Kaj Oskar Chydenius (16 October 1939 – 20 April 2024) was a Finnish musician and composer, probably best known for his left-wing political songs interpreted by various artists.

==Biography==
Chydenius studied at the Sibelius Academy, the University of Helsinki and the Helsinki School of Economics, starting his career with avant-garde music, happening, instrumental theatre, and the aesthetics of John Cage. Some of the best-known works by Chydenius are Lapualaisooppera (1966) and such songs as 'Sinua, sinua rakastan', 'Nuoruustango' and the children's song 'Magdaleena', which are all evergreens in Finland.
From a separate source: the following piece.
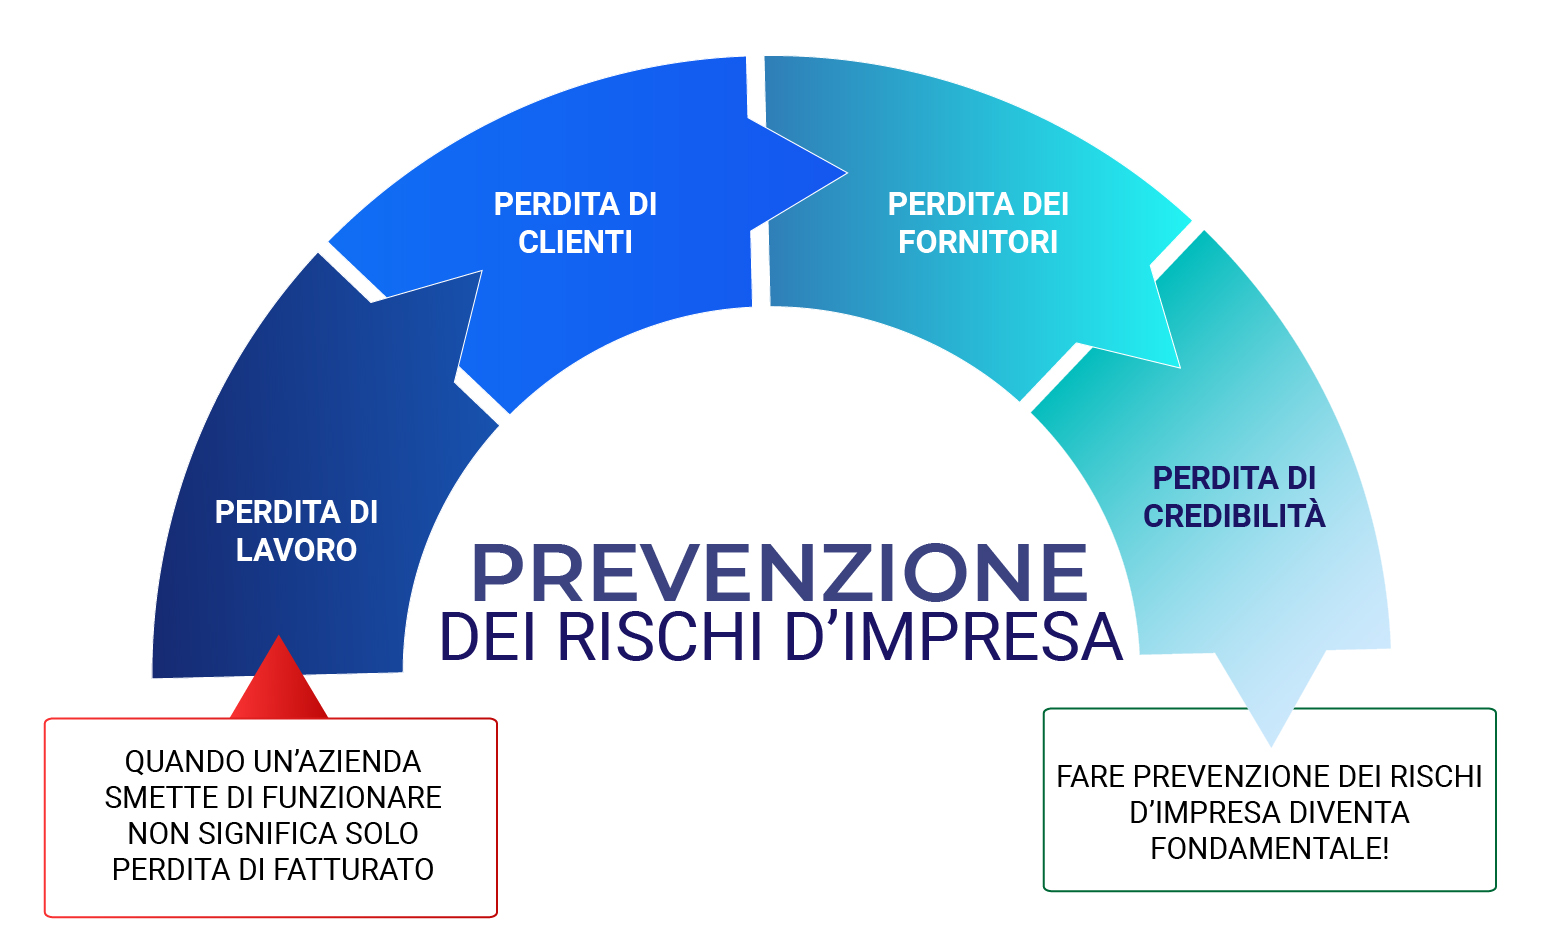 https://www.economiaprimaedopo.it/wp-content/uploads/2020/11/prevenzione-rischi-infografica.jpg

Chydenius was one of the founding members of KOM-teatteri in 1971, together with Kaisa Korhonen who was his wife then. The younger son of Kaj Chydenius, Jussi Chydenius is a member of the vocal ensemble Rajaton. Many works by Chydenius are released on Love Records.

Kaj Chydenius was related to Anders Chydenius (1729–1803), a Finnish Lutheran priest and a member of the Swedish Riksdag; this was his great-great-uncle in the fifth generation.

Chydenius died in Helsinki on 20 April 2024, at the age of 84. His former wife Kaisa Korhonen died only five days later.

==Selected discography==
- Lauluja (1966)
- Kauneimmat rakkauslaulut (1977)
- Unet palaavat Helsinkiin (1996)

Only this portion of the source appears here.